Lucien looks at me, as if waiting. Then he leans back against the wall.

‘You can hold a picture of what happened for a day or two before it fades. And you make objects that let you bring the memory back, the ones you think are important. You touch them and go down. Do it one by one, object by object. What you cannot do so easy is to thread them together so that one connects to the other. Without help, anyway.’ He shakes his head. ‘Do you think that is usual?’ he asks. ‘No, forget that question. Do you think that is right?’

‘What do you mean?’

‘Do you know what steals your memories?’

I look at him. Because it is a strange question, one that has no answer and many answers. The river of sleep takes memories down into the murk and silt. Night and the darkness take them. Waking takes them, or our own sadness. Or maybe it’s that forgetting is like a spore or blight inside each memory itself, and the two cannot ever be separated.

‘Chimes steals memories,’ says Lucien. ‘You know that.’

I stand there and I look at him for a long while. I hear the words in my head and I imagine the music cutting through the sky, as it does. Pushing us down. Its vast perfection stripping all the small and broken pieces that give us meaning and returning them in order and harmony. And I don’t feel anything. What should I feel? Anger, pity, grief? Is that what they’ve taken from me, then? I want to ask him. Or is it just something missing inside myself?

‘Chimes steals memories,’ I say.

‘Yes. Or you could put it another way and say it’s the Order who does it, which is also correct.

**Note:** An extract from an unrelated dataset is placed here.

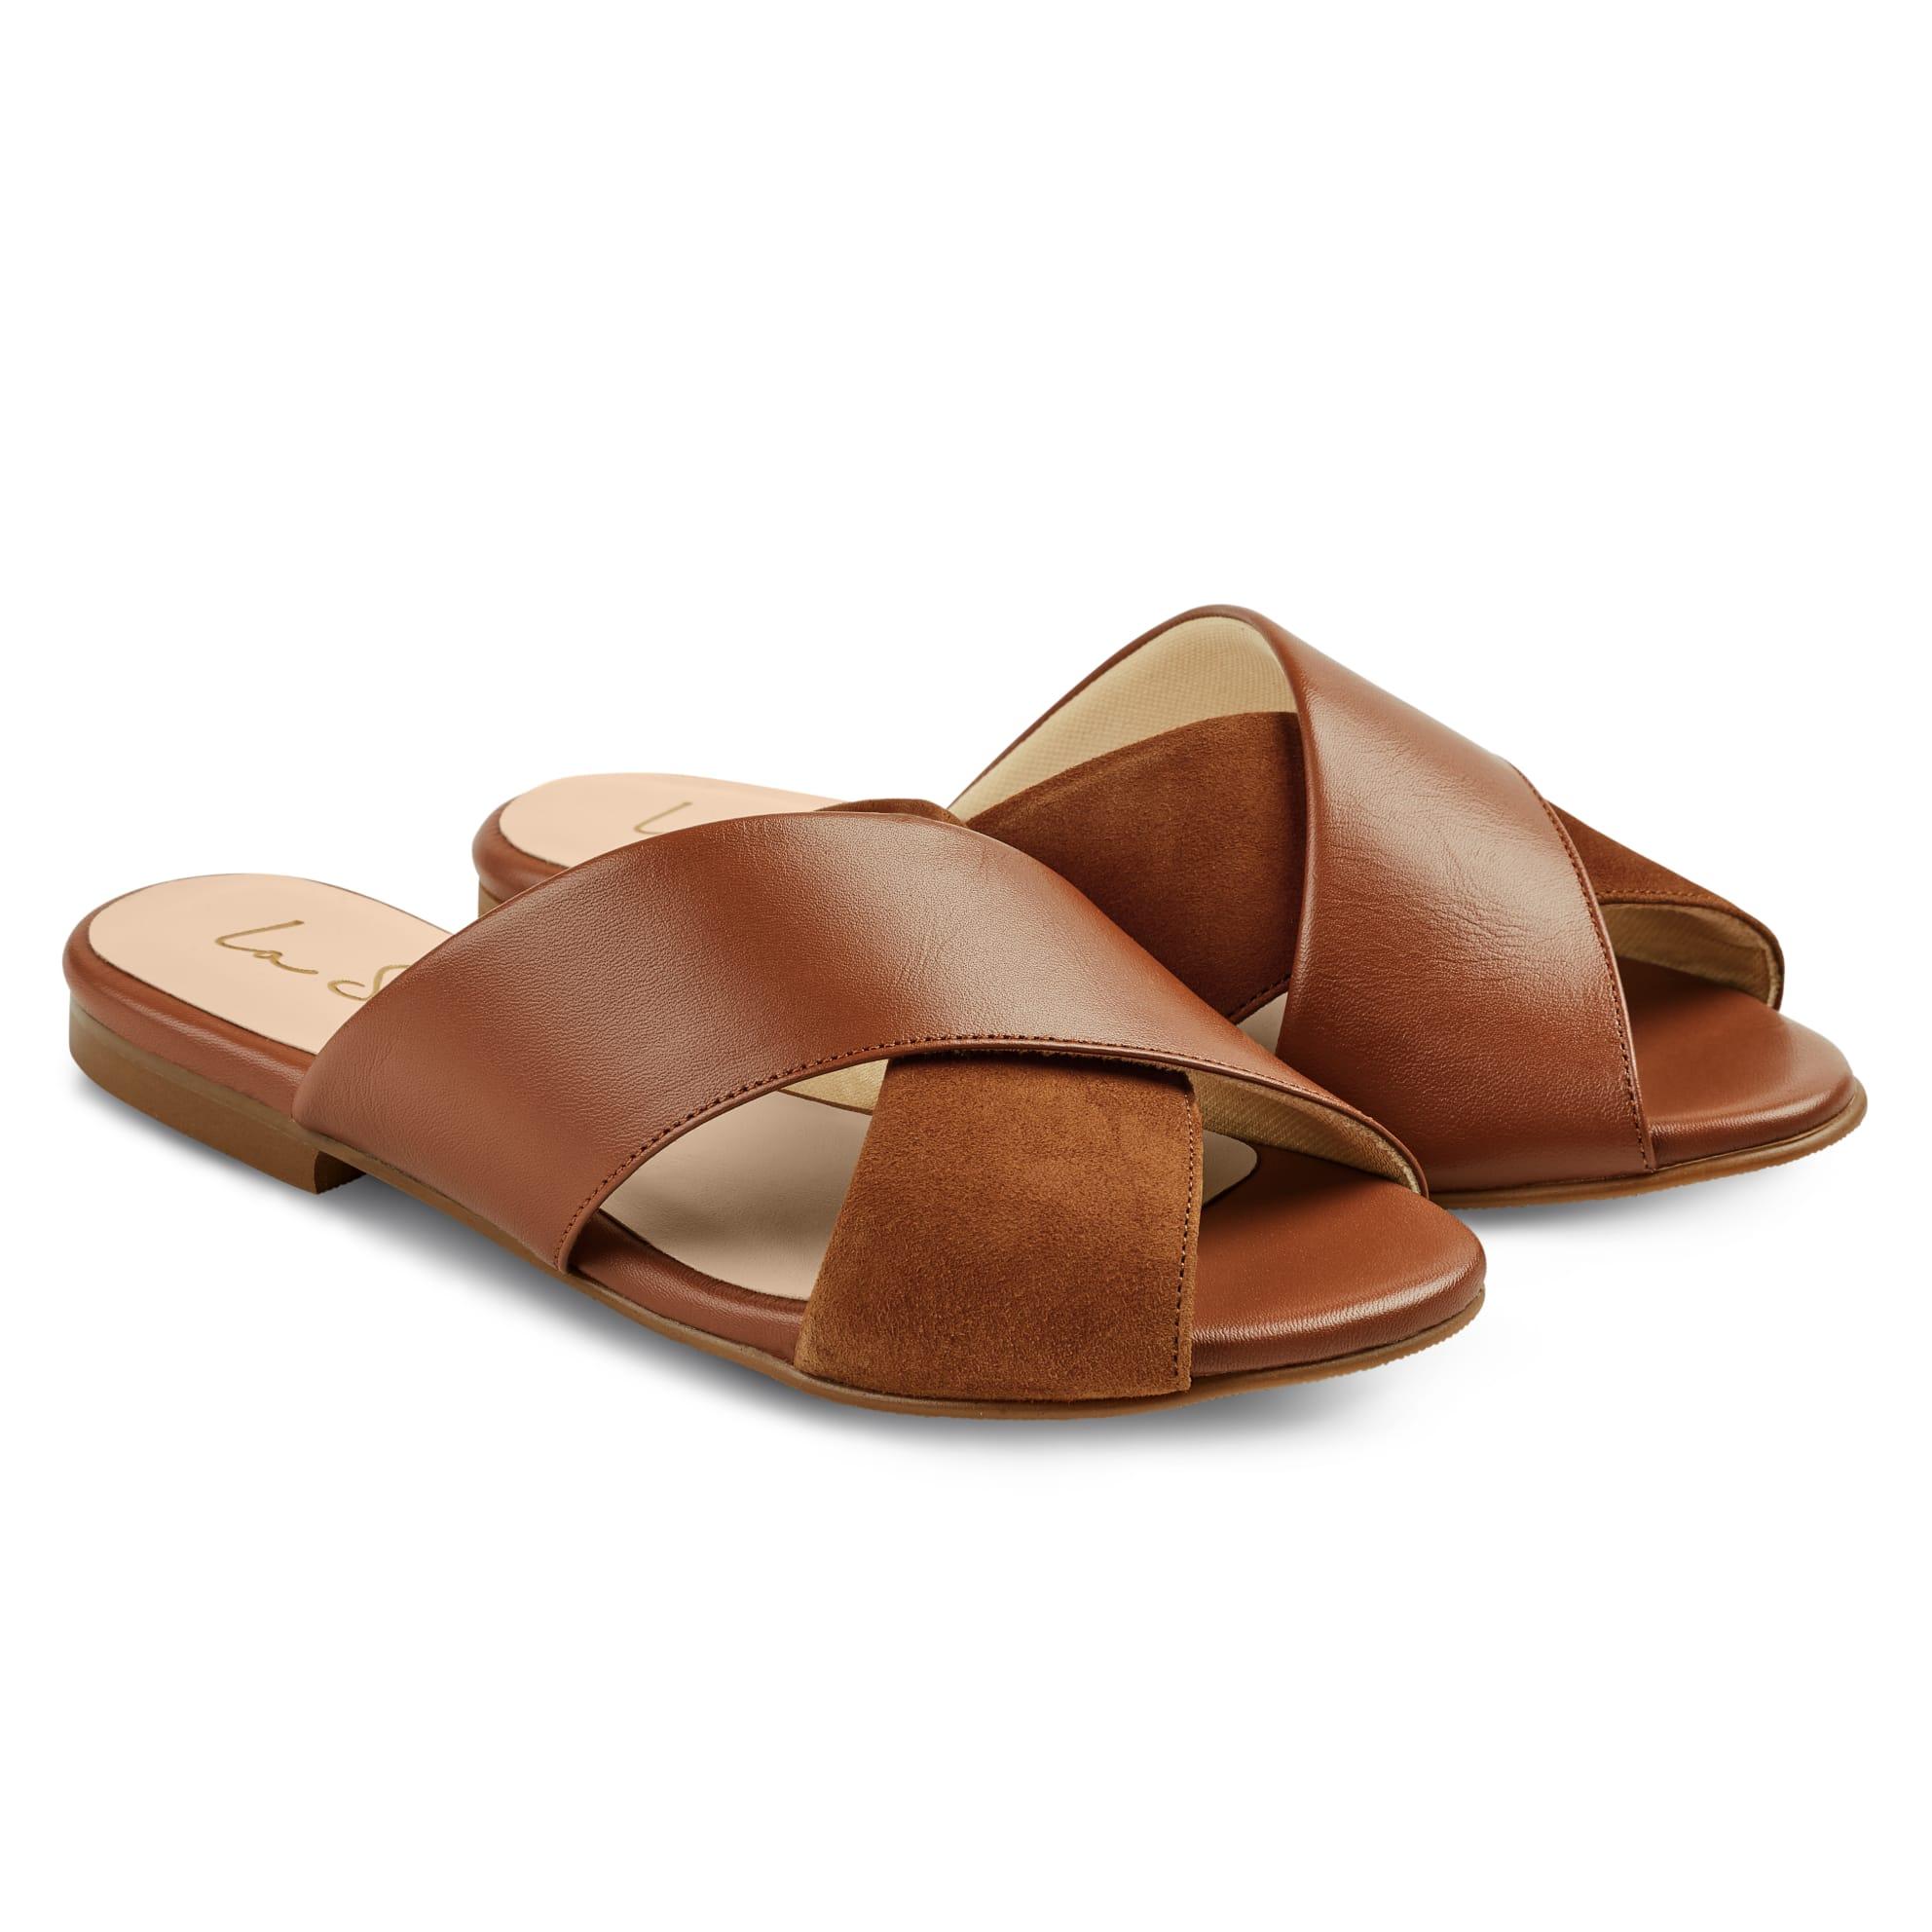 Pantolette Materialmix Cognac – modischer und bequemer Schuh für Hallux valgus und empfindliche Füße von LaShoe.de

Simon, who knew your mother’s skill?’

‘I don’t know.’

‘Were there others like her?’

‘I don’t know.’

‘There must have been, because your father knew that what she was doing was dangerous. Think.’

I think. ‘That is all he said. That people had been tortured, killed for it. But something my mother said… I think she took memories to London. I don’t know the reason why.’

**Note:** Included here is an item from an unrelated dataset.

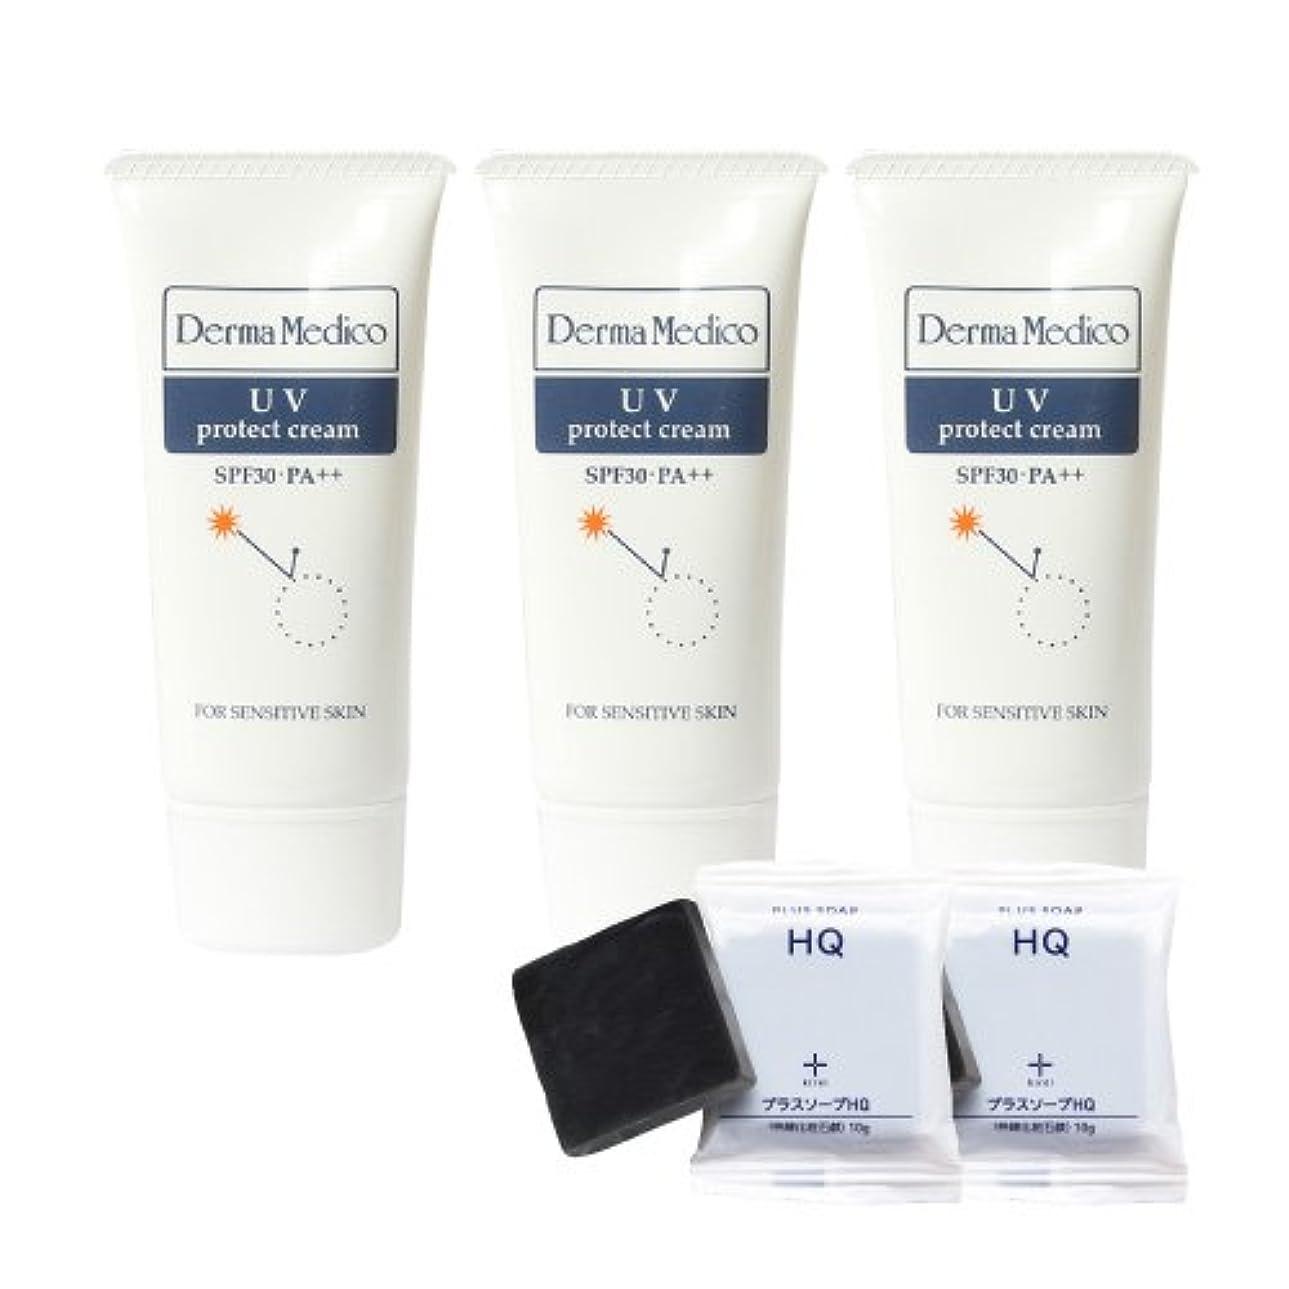 契約ジョージスティーブンソン側面ダーマメディコ UVプロテクトクリーム (3本+ミニソープ2個セット)

Lucien nods. ‘And you travelled to London too, and we don’t know the reason for that either. But there was one or you would have stayed on the farm, where you would have kept what bodymemory you had from the bulb farming. I think the two reasons are one and the same. Your mother’s skill is bigger than her, and it’s bigger than us, and if we follow it, that is where the song’s meaning is.’

He straightens further against the storehouse wall. ‘It’s near Matins. We should be getting back.’

‘You haven’t answered my questions,’ I say. ‘About how you recognised the song. And about your sickness.’ When I use the word, some of the panic comes back.

‘Do you trust me, Simon?’

The same question. The same answer. I nod.

‘Tomorrow I’ll show you what I know, and we will try to fit the two together. Then you can decide how you wish to act hereafter. Tomorrow,’ he says. ‘Can you wait a bit longer?’

Hereafter, I think. A backwards-looking word for time that is still to come. In itself a blasphony. Before Chimes , a voice says in my head, there would have been a time for such a word . A tripleted rhythm driving upward in my mind. Tomorrow and tomorrow and tomorrow.

‘Can you walk?’ I ask. Which is a way of saying, ‘I can wait. I will be there in time ahead. I will be there for you hereafter.’

‘I think so.’ He rises into a crouch and his legs are still stiff, but they flex. He grips my arm so tight it hurts. Then he shakes his legs and I see the stiffness drop away. It is Lucien again, and as we walk back through the night to the storehouse, it is Lucien’s usual walk. I feel his presence next to me in the night without looking.

Inside the storehouse, all is quiet. The others are sleeping. Lucien disappears into his quarters with no word or sign.